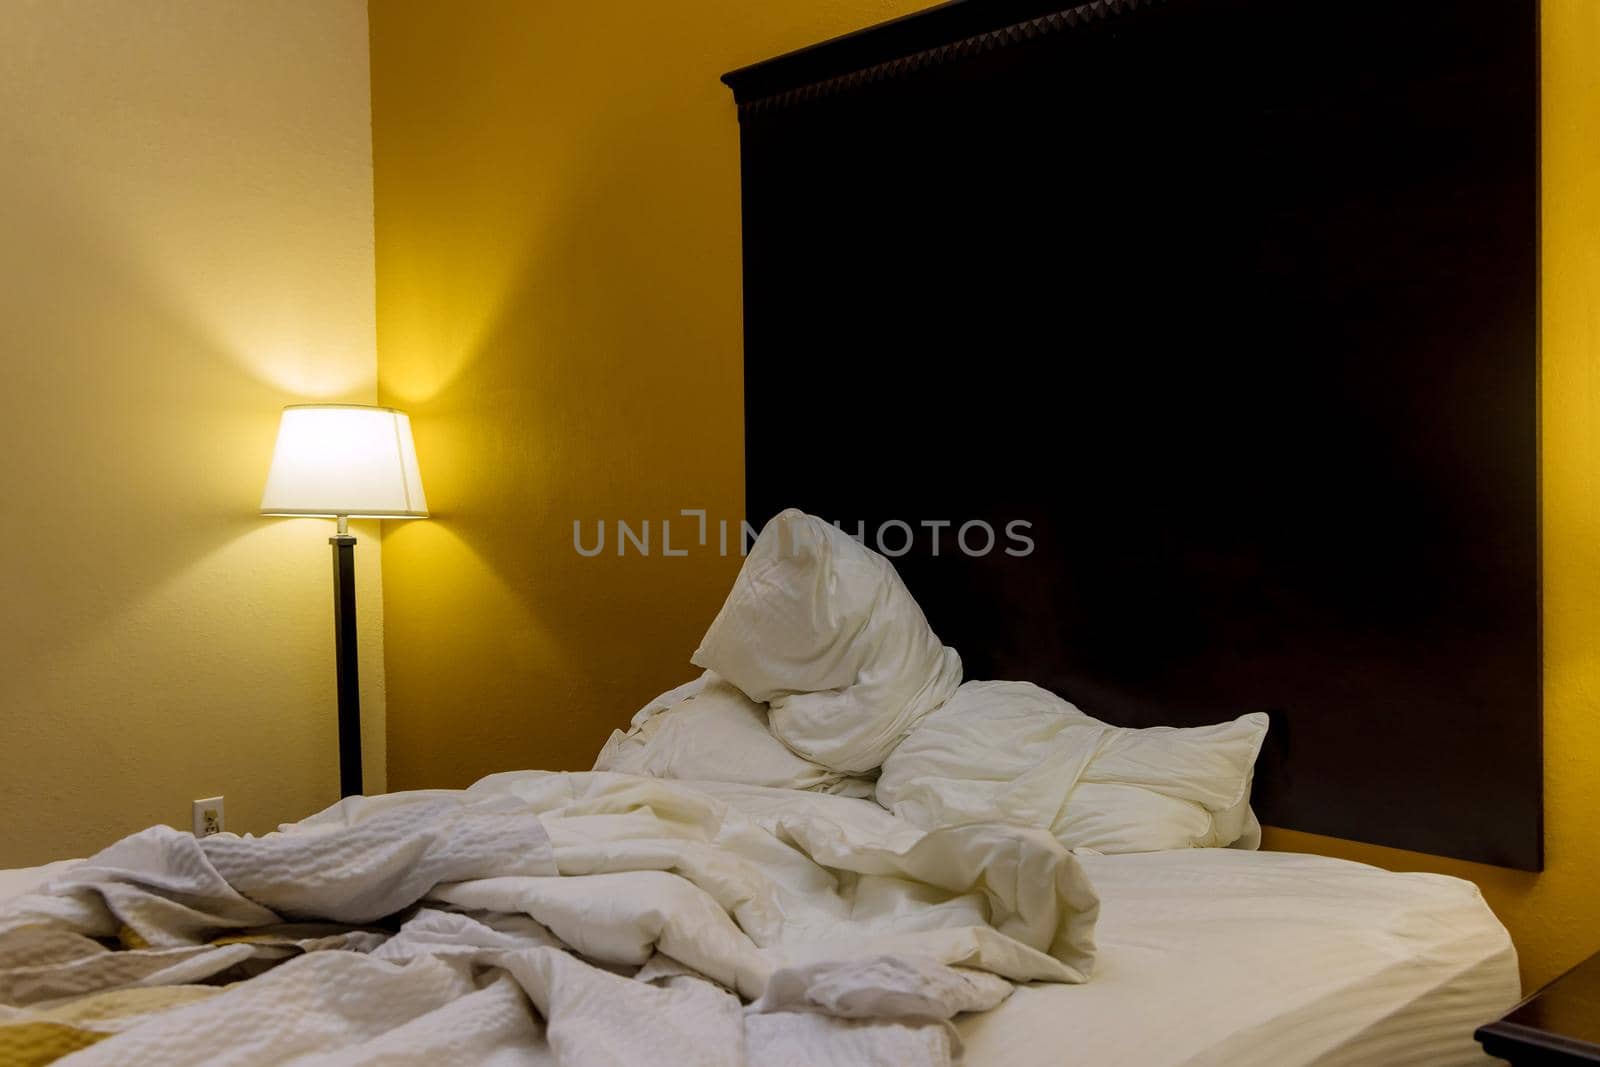 Comfort bedroom in hotel room with modern interior
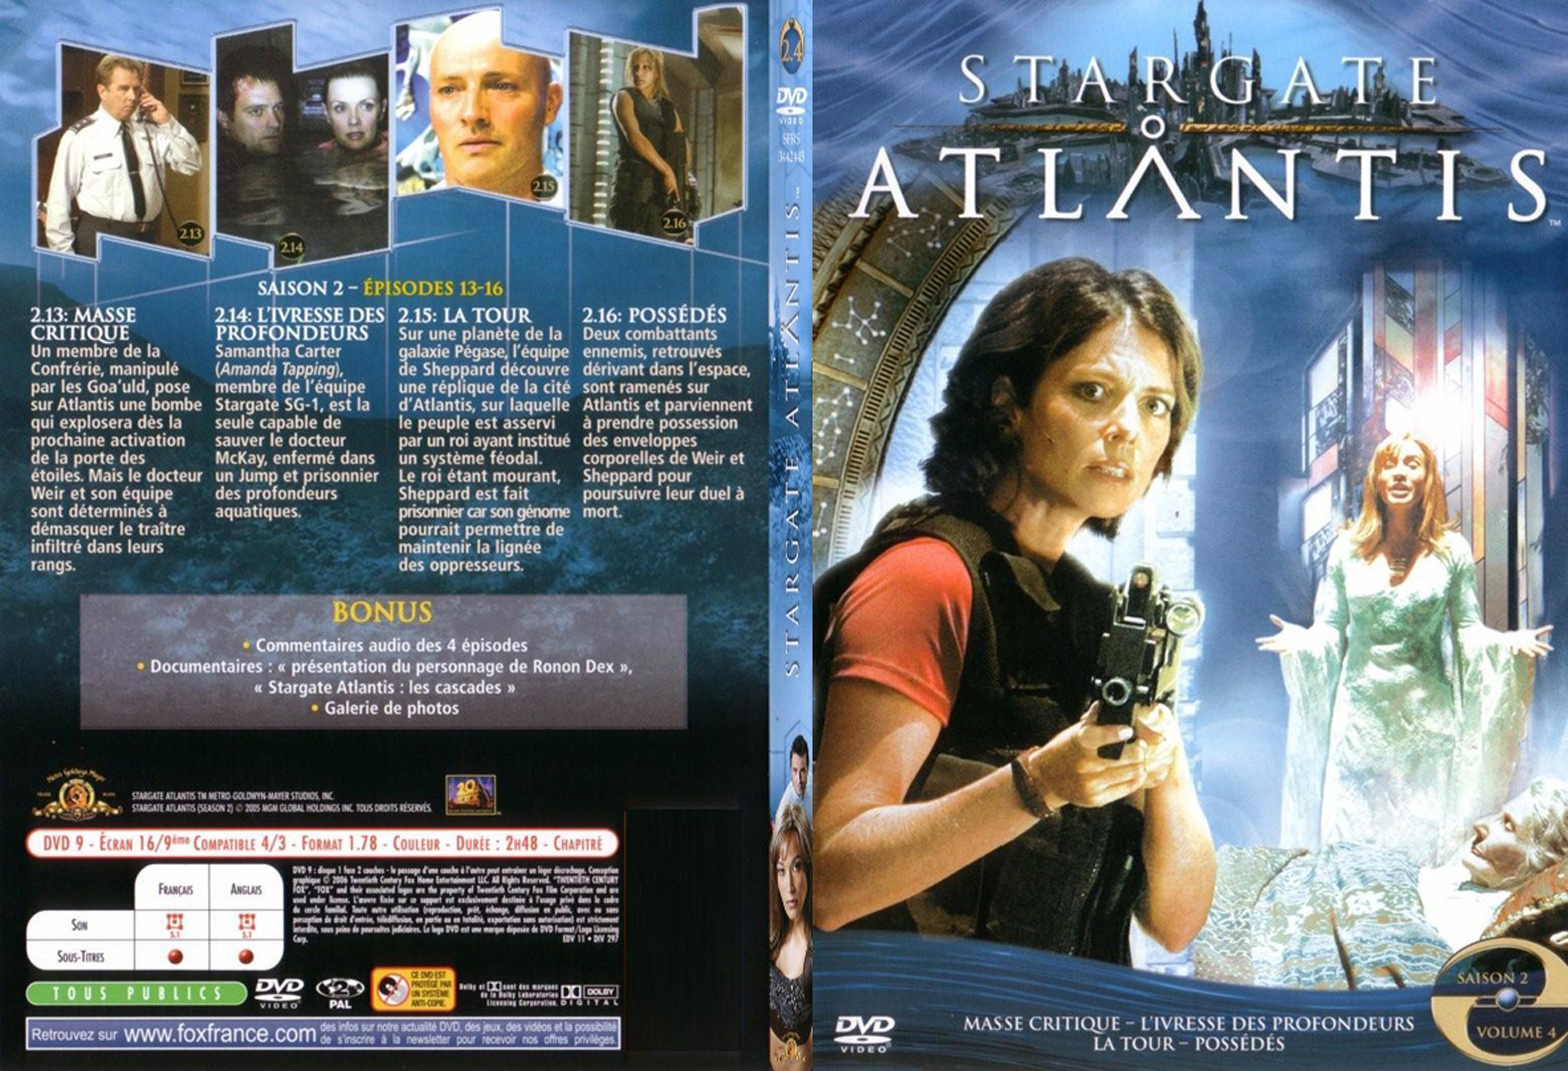 Jaquette DVD Stargate Atlantis saison 2 vol 4 - SLIM
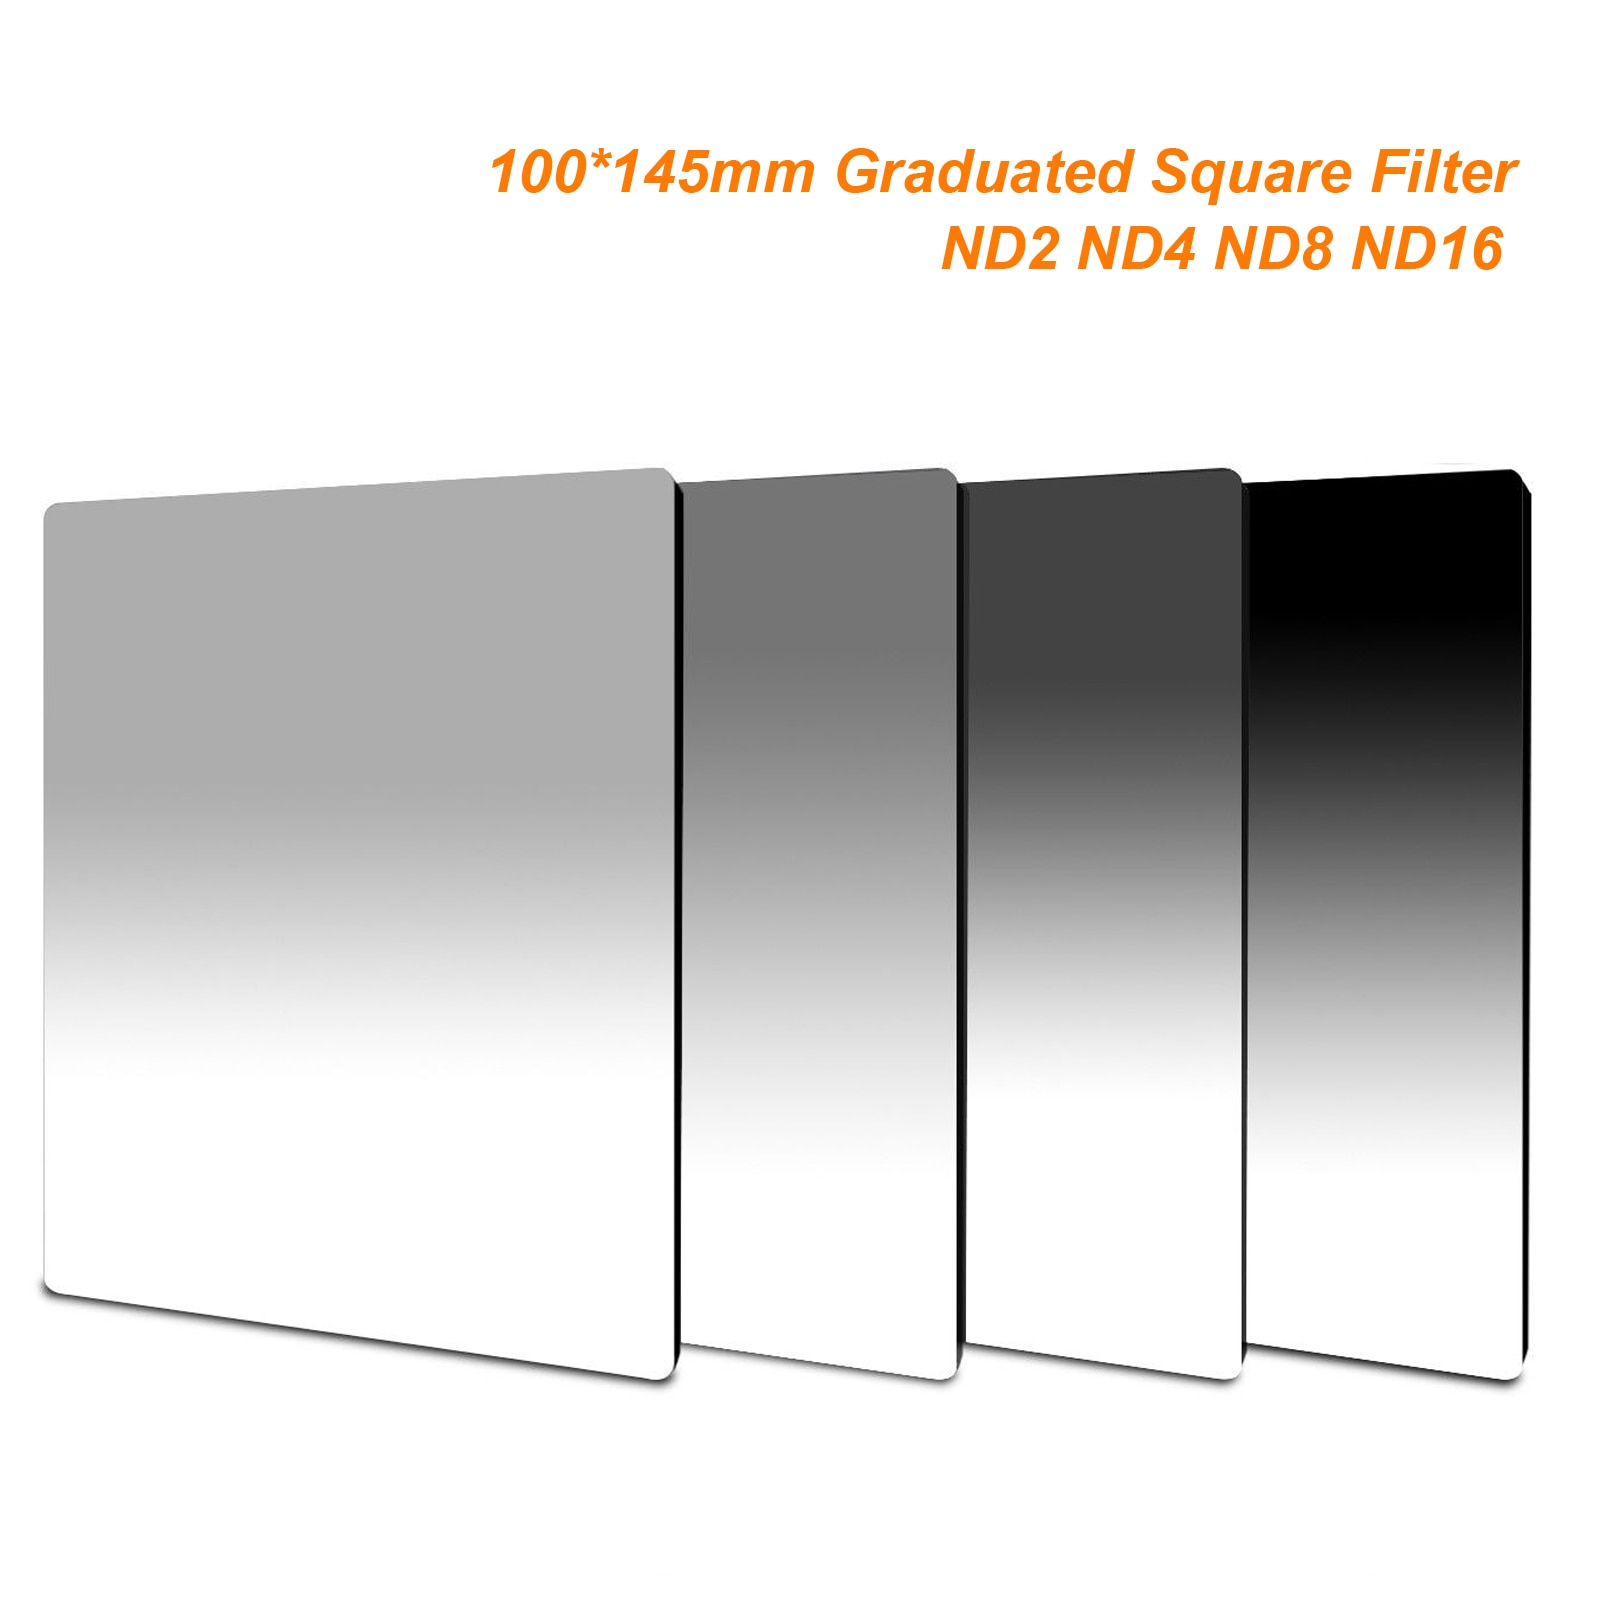 100mm x 145mm Afgestudeerd ND2 ND4 ND8 ND16 Neutrale Dichtheid 100*145mm Afgestudeerd Vierkante Filter voor lee Cokin Z serie

- [What to work on]:
Write out the listing above exactly, images omitted.

- [Expected answer]:
 Comfort bedroom in hotel room with modern interior
 Jaquette DVD Stargate Atlantis saison 2 vol 4 - SLIM
 100mm x 145mm Afgestudeerd ND2 ND4 ND8 ND16 Neutrale Dichtheid 100*145mm Afgestudeerd Vierkante Filter voor lee Cokin Z serie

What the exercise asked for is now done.